I am just busting your balls.  It is fun working a plan and seeing how it unfolds. Glad you enjoy being out. That area is perfect dust on crust skiing. I'm up there a lot, let me know if you want to check out some other areas up this way, I can save you some time if your interested.

blog your brains out boys, at some point you'll realize how much your missing out there, seems like a lot of energy wasted trying to make sure everyone knows how far you drive and hike to ski


----------



## Huck_It_Baby (Feb 5, 2013)

kingdom-tele said:


> is the other half is making sure everyone knows about it?
> 
> I am just busting your balls.  It is fun working a plan and seeing how it unfolds. Glad you enjoy being out. That area is perfect dust on crust skiing. I'm up there a lot, let me know if you want to check out some other areas up this way, I can save you some time if your interested.
> 
> blog your brains out boys, at some point you'll realize how much your missing out there, seems like a lot of energy wasted trying to make sure everyone knows how far you drive and hike to ski



Haha! It really is a great dust on crust spot. Wide open and mellow.

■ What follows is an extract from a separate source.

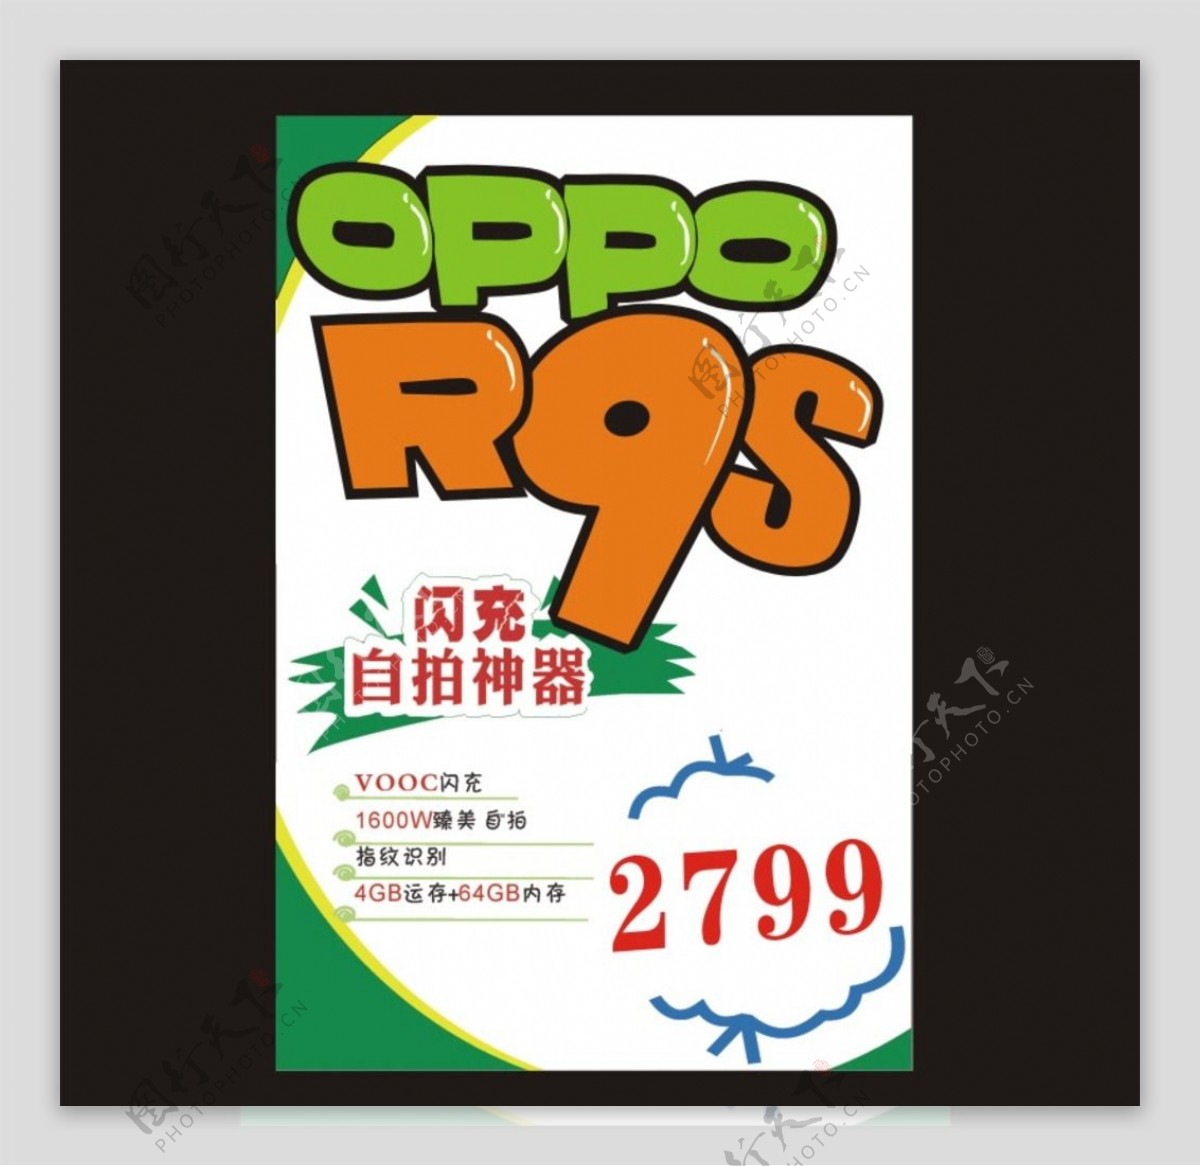 oppoR9s专卖

I'd love to take you up on the offer, thank you! I'm up there a lot and often alone. I skinned up Belvidere last weekend too but didn't get far as the sun was setting and my start was way too late. Looks like some fun stuff there. So many places to hit.


----------



## legalskier (Feb 5, 2013)

MadMadWorld said:


> Have you done any of the High Peaks in ADK? If you haven't I highly recommend them to you. I think you would have a blast.





noreasterbackcountry said:


> I haven't.. but I am itching to try. It is pretty far for me so I always end up going to closer spots. One day.... one day...



When I was at Gore last week we could see the big white slides up there so clearly that someone in our group asked if that was Whiteface. I already knew the answer was no- because I had asked the same thing the first time I saw them long ago. 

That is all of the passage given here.